Posted August 26, 2025 by Nicky in Reviews / 2 Comments

Review – The Sea Road

The Sea Road

by Margaret Elphinstone

Genres: Historical Fiction
Pages: 256
Rating: four-stars
Synopsis:

A haunting, compelling historical novel, The Sea Road is a daring re-telling of the 11th-century Viking exploration of the North Atlantic from the viewpoint of one extraordinary woman. Gudrid lives at the remote edge of the known world, in a starkly beautiful landscape where the sea is the only connection to the shores beyond. It is a world where the old Norse gods are still invoked, even as Christianity gains favour, where the spirits of the dead roam the vast northern ice-fields, tormenting the living, and Viking explorers plunder foreign shores.

Taking the accidental discovery of North America as its focal point, Gudrid's narrative describes a multi-layered voyage into the unknown, all recounted with astonishing immediacy and rich atmospheric detail.

Margaret Elphinstone’s The Sea Road is a retelling of the story of Gudrid Thorbjarnardóttir, a woman who appears in a couple of the Icelandic sagas, including Eirik the Red. She was one of the early converts to Christianity, so this book takes the format of the story she tells about herself to a fellow Icelander who is a priest, Agnar, who is tasked with recording her strange story. They’re both the major characters, although we only actually “hear” Agnar in the prologue and the epilogue.

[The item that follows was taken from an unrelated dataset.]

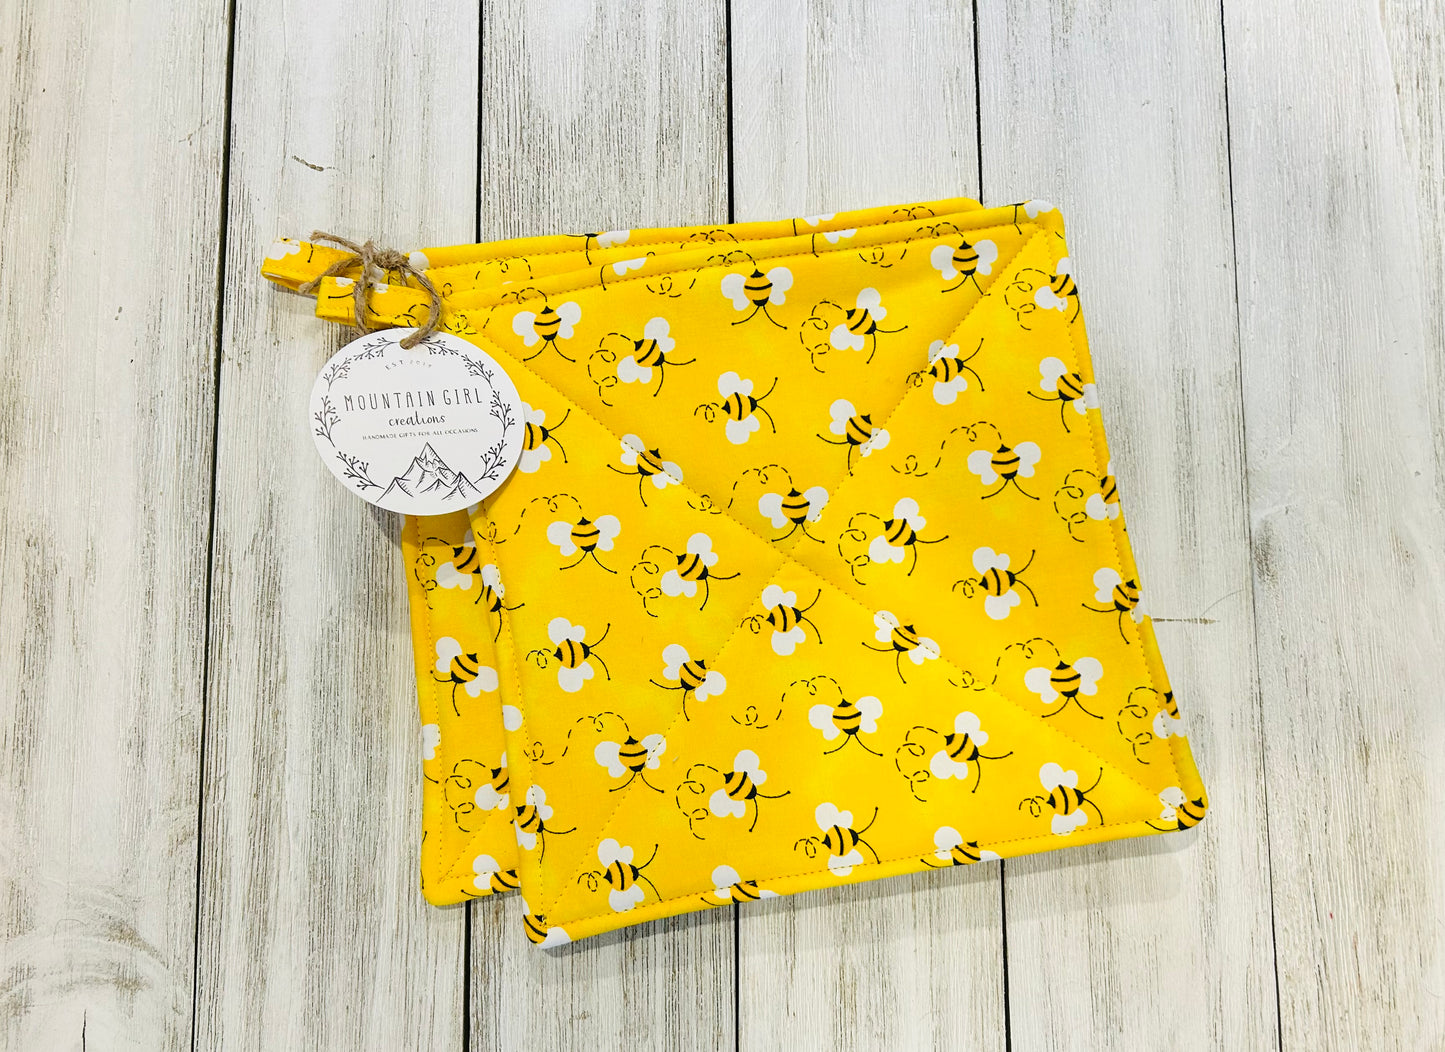 Potholder Set - Bee Themed - Sunflowers and Bee

Part of the format works quite well, but the conceit of Agnar writing absolutely everything Gudrid says — even idly chitchat between the two of them — doesn’t quite work, especially since he doesn’t also record his answers. At times, Elphinstone seems to have found the format too limiting, and adds in sections in italics that I think are meant to show us what really happened, outside of Gudrid’s knowledge and without her mediating it. That felt kinda clunky to me.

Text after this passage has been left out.